Emami Group has declared its first quarter numbers. In an interview to CNBC-TV18, NH Bhansali, chief executive officer of Emami Group says, there wouldn't be any material impact of weak monsoon or the industrial production slowdown on the FMCG business per se.


He sees a top-line growth of around 16-18% and bottom-line growth of 18-20% this fiscal.


Below is the edited transcript of his interview with CNBC-TV18's Latha Venkatesh and Ekta Batra.


Q: How exactly the consumer non-durables market is panning out? We just got the IIP figures for June and the non-durables contracted by 1%. How exactly are things looking on the ground at this point? Do you expect it to worsen, considering the monsoon situation?


A: We have not felt any jerk as of yet. Business is good. On the ground, things are happening, rural sales are also happening. We do not feel, as of now, that there would be any material impact of weak monsoon or the industrial production slowdown on the FMCG business per se. We are catering to the masses, I think the impact would not be material, if at all.


Q: What about the volume growth this quarter as well as the pricing growth? We did see some amount of good volume growth coming from couple of your peers. What did you clock-in in this quarter? What exactly were the price increases, if any, as well?


A: In the domestic business, we had overall growth of 22.2% for the quarter.
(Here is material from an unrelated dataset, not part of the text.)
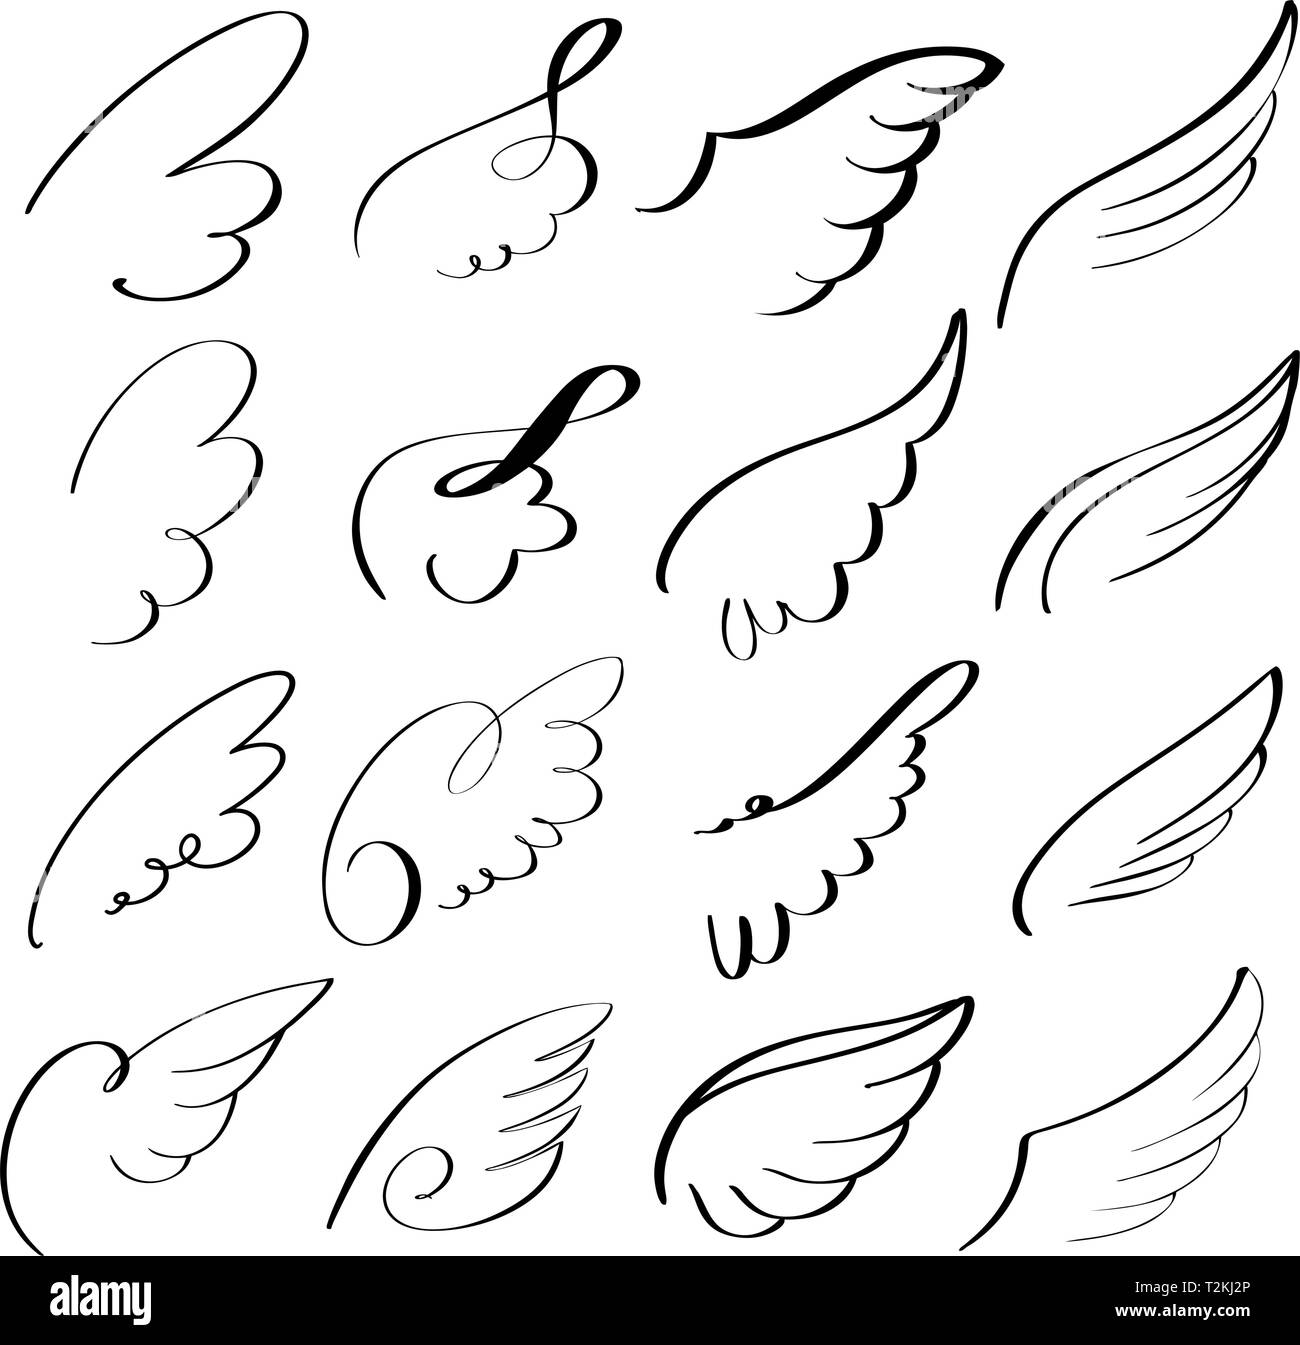 Colombe volant résumé jeu de croquis icon collection cartoon vector illustration croquis dessinés à la main. Illustration de Vecteur

That was led by volume growth of around 15%. So, domestically we have performed well. Compared to our peers also we are doing very good.


In overseas, we had taken certain corrections. So, we had reduced our second distributors inventory. We had also discontinued few of our brands there, low margin product. So, overall there has been a 14% growth, but domestic growth has been very high at 22%.


Q: How are margins panning out? We understand that your margins fell by about 1% from 22% to 21%. Will you see greater pressure because as we get worse news of the drought, perhaps raw material prices go up?


A: I do not think so. If you look at our cost of goods sold (COGS), it has increased by just 10 bps, despite increase in the prices of major raw materials like menthol compared to the last period. We have managed it very judiciously.


Q: What should be work with in terms of full year growth and full year margins?


A: I think it should remain at last year’s level. I think top-line growth of around 16-18% on a lower side also can be well expected. Bottom-line also of 18-20% can be expected even in this fiscal.